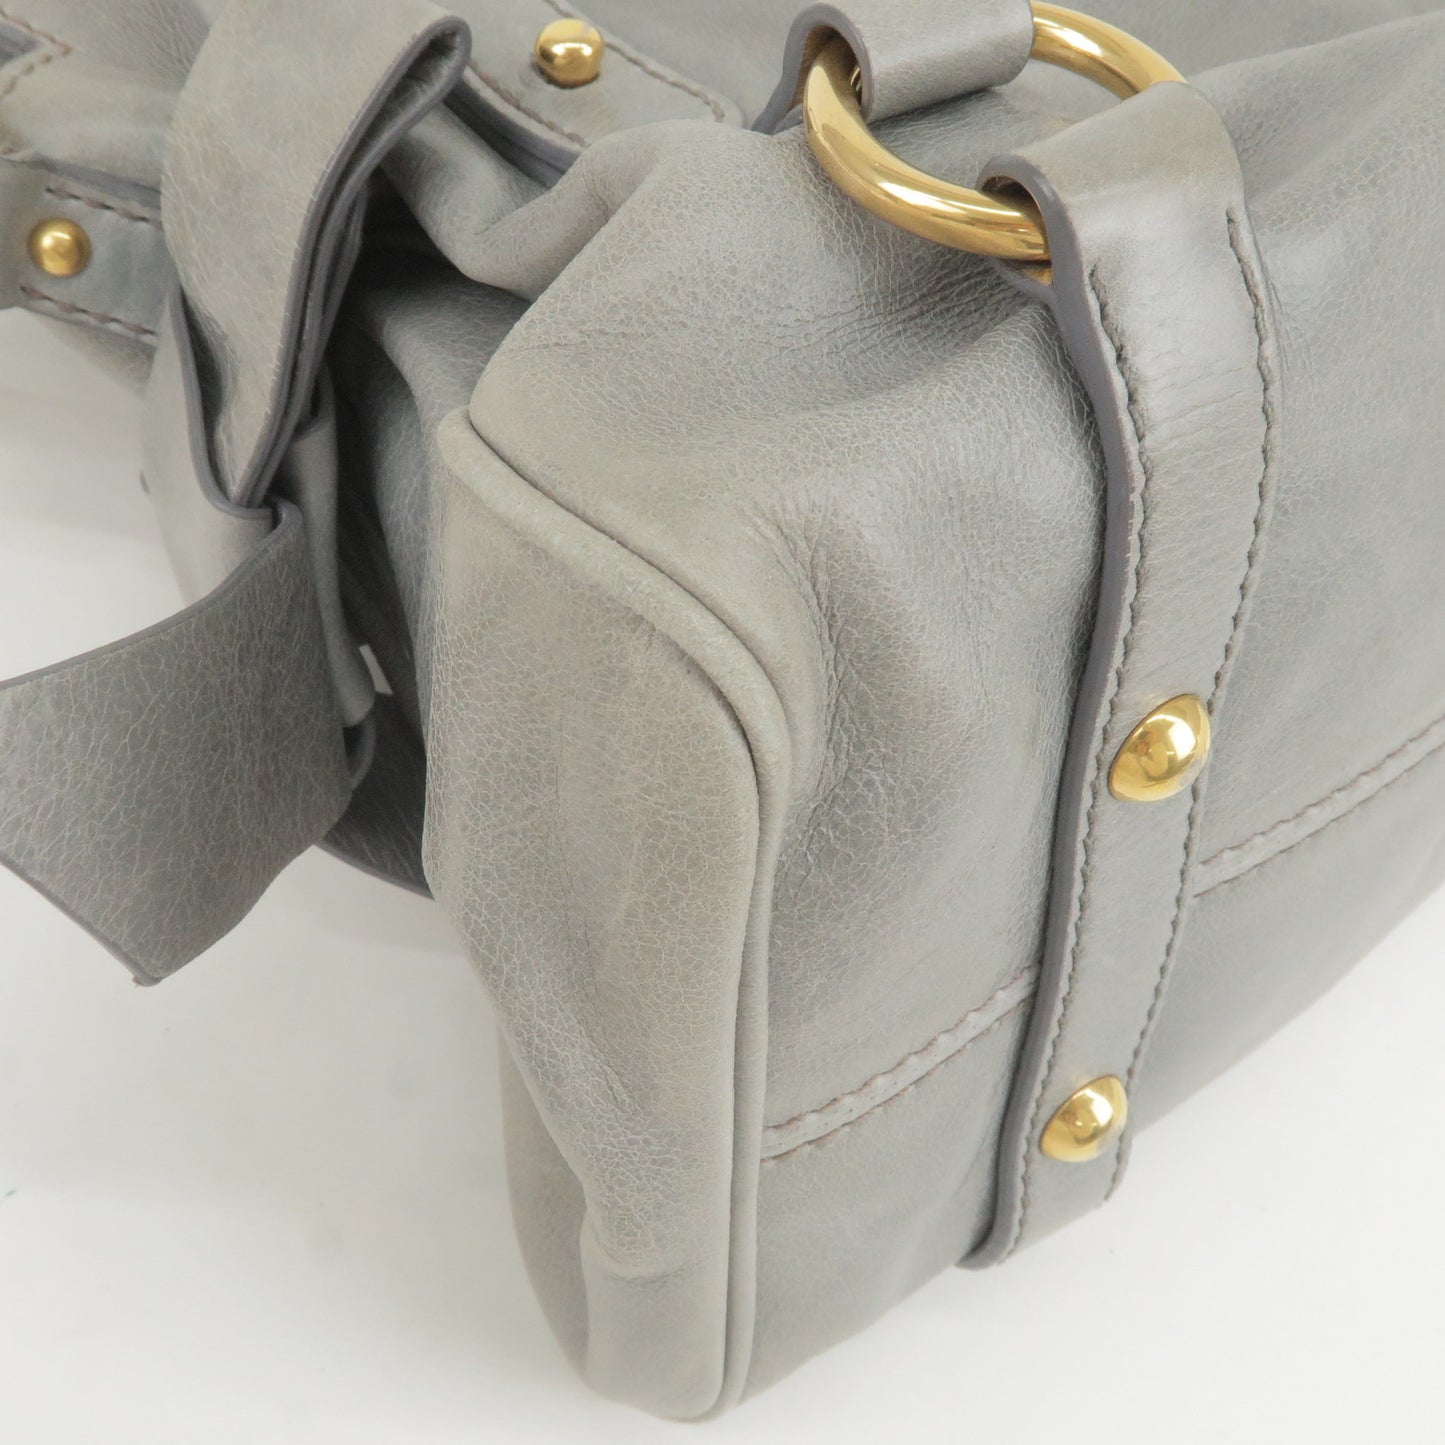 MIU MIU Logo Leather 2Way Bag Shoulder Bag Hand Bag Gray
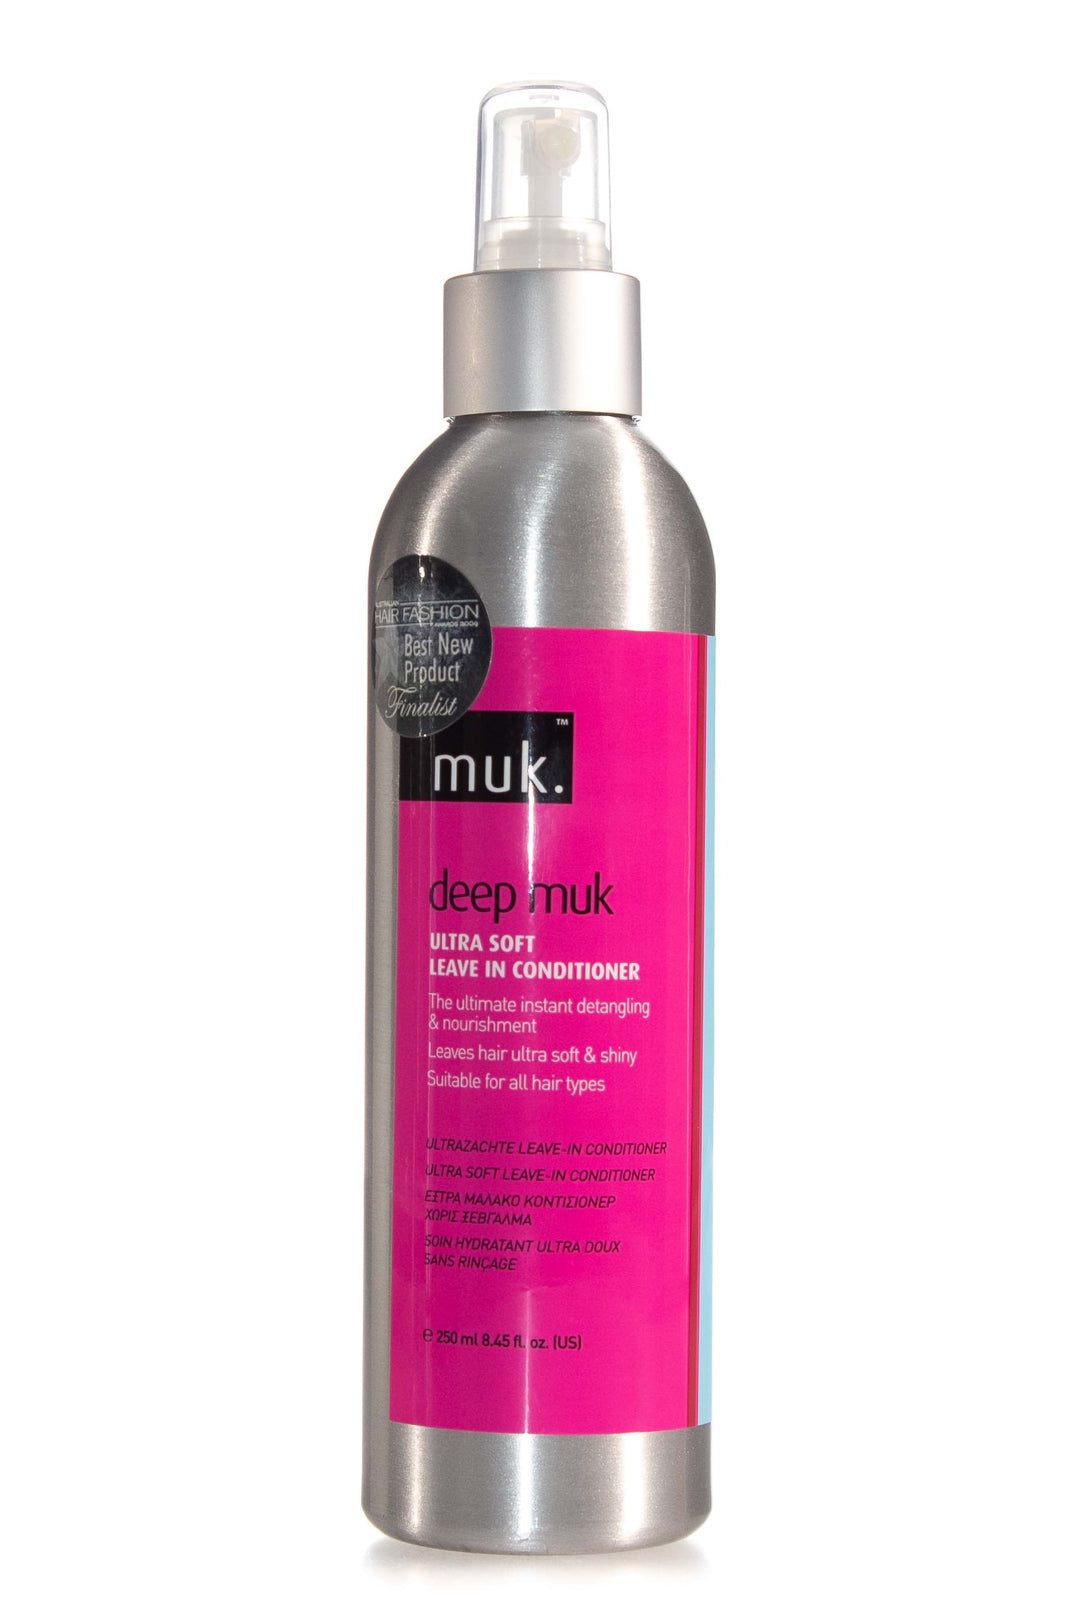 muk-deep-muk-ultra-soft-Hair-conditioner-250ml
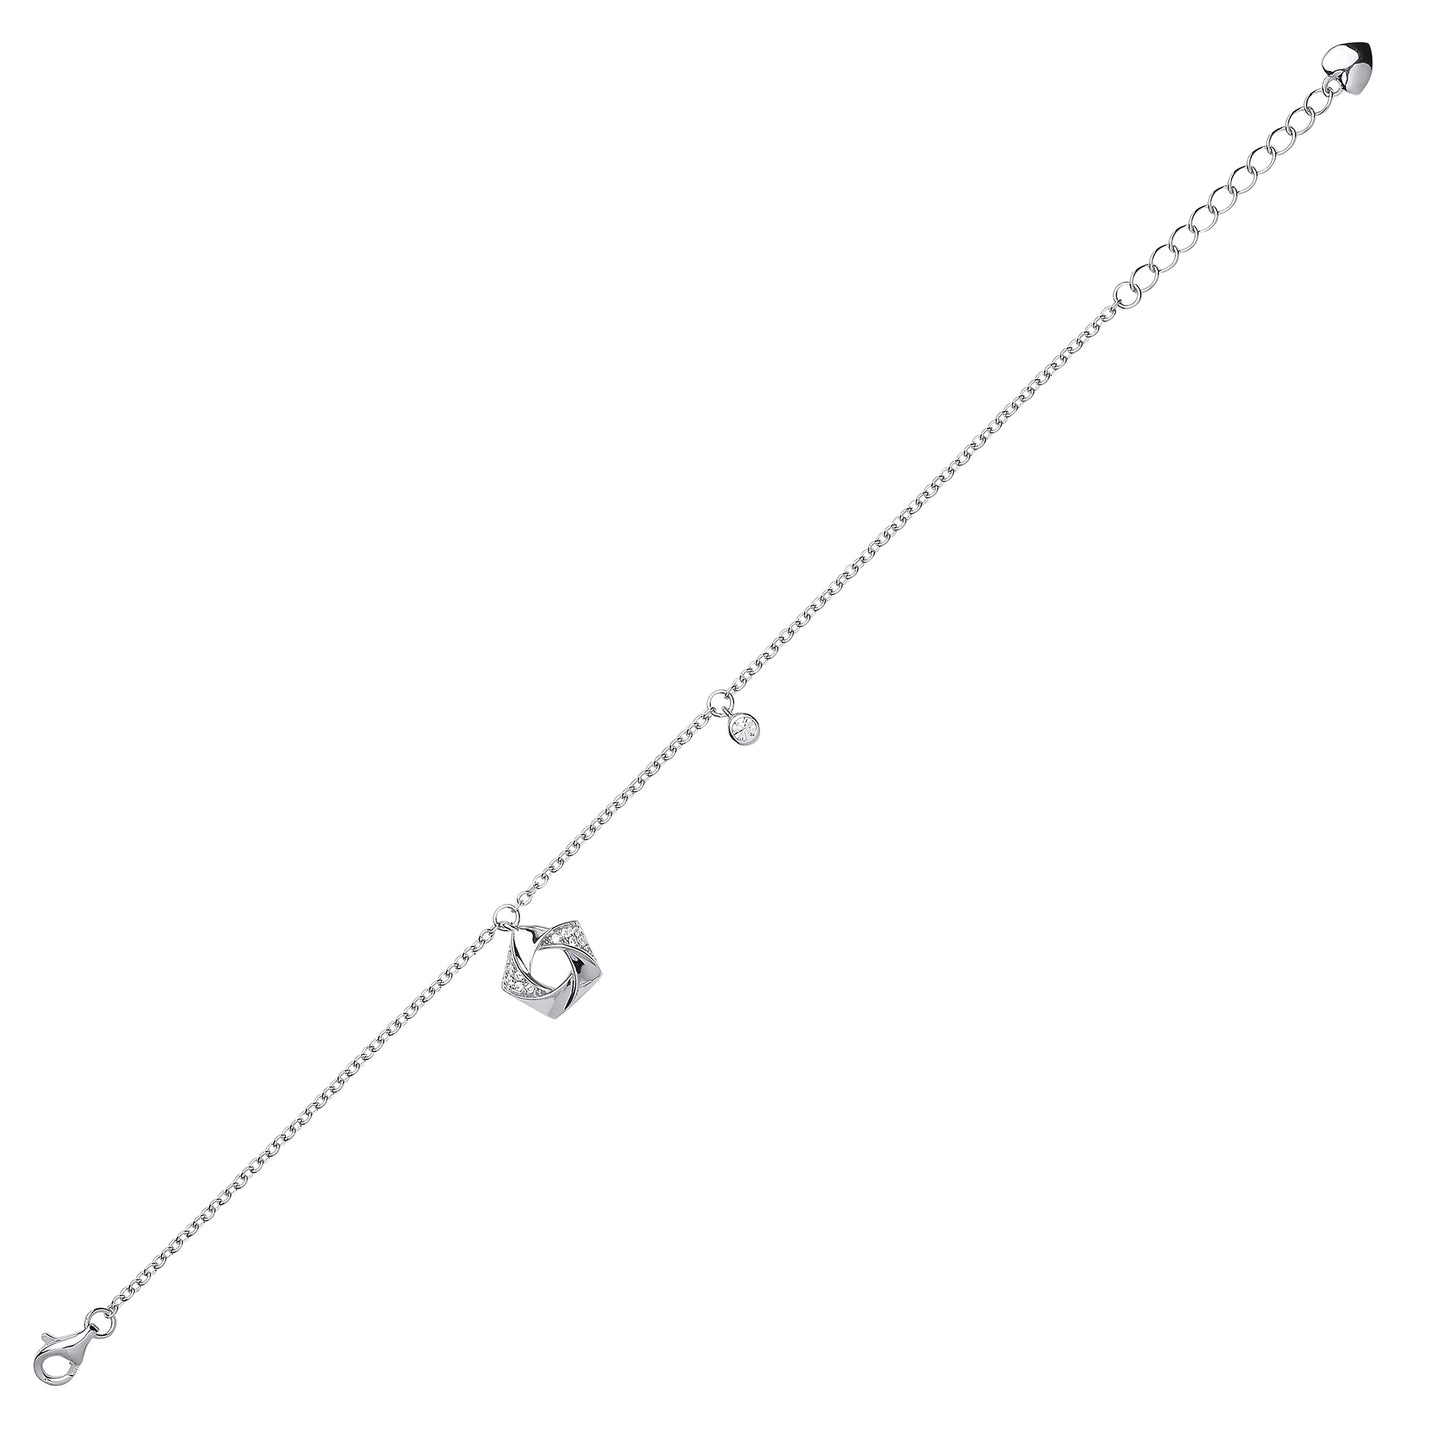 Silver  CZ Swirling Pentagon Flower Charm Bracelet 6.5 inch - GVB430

::::::

* WORK INSTRUCTIONS *
The required output is every line from the one containing "muk-deep-muk-ultra-soft-Hair-conditioner-250ml" through the last line of the data above, restated exactly and without pictures.

* WRITTEN SOLUTION *
 muk-deep-muk-ultra-soft-Hair-conditioner-250ml
 Silver  CZ Swirling Pentagon Flower Charm Bracelet 6.5 inch - GVB430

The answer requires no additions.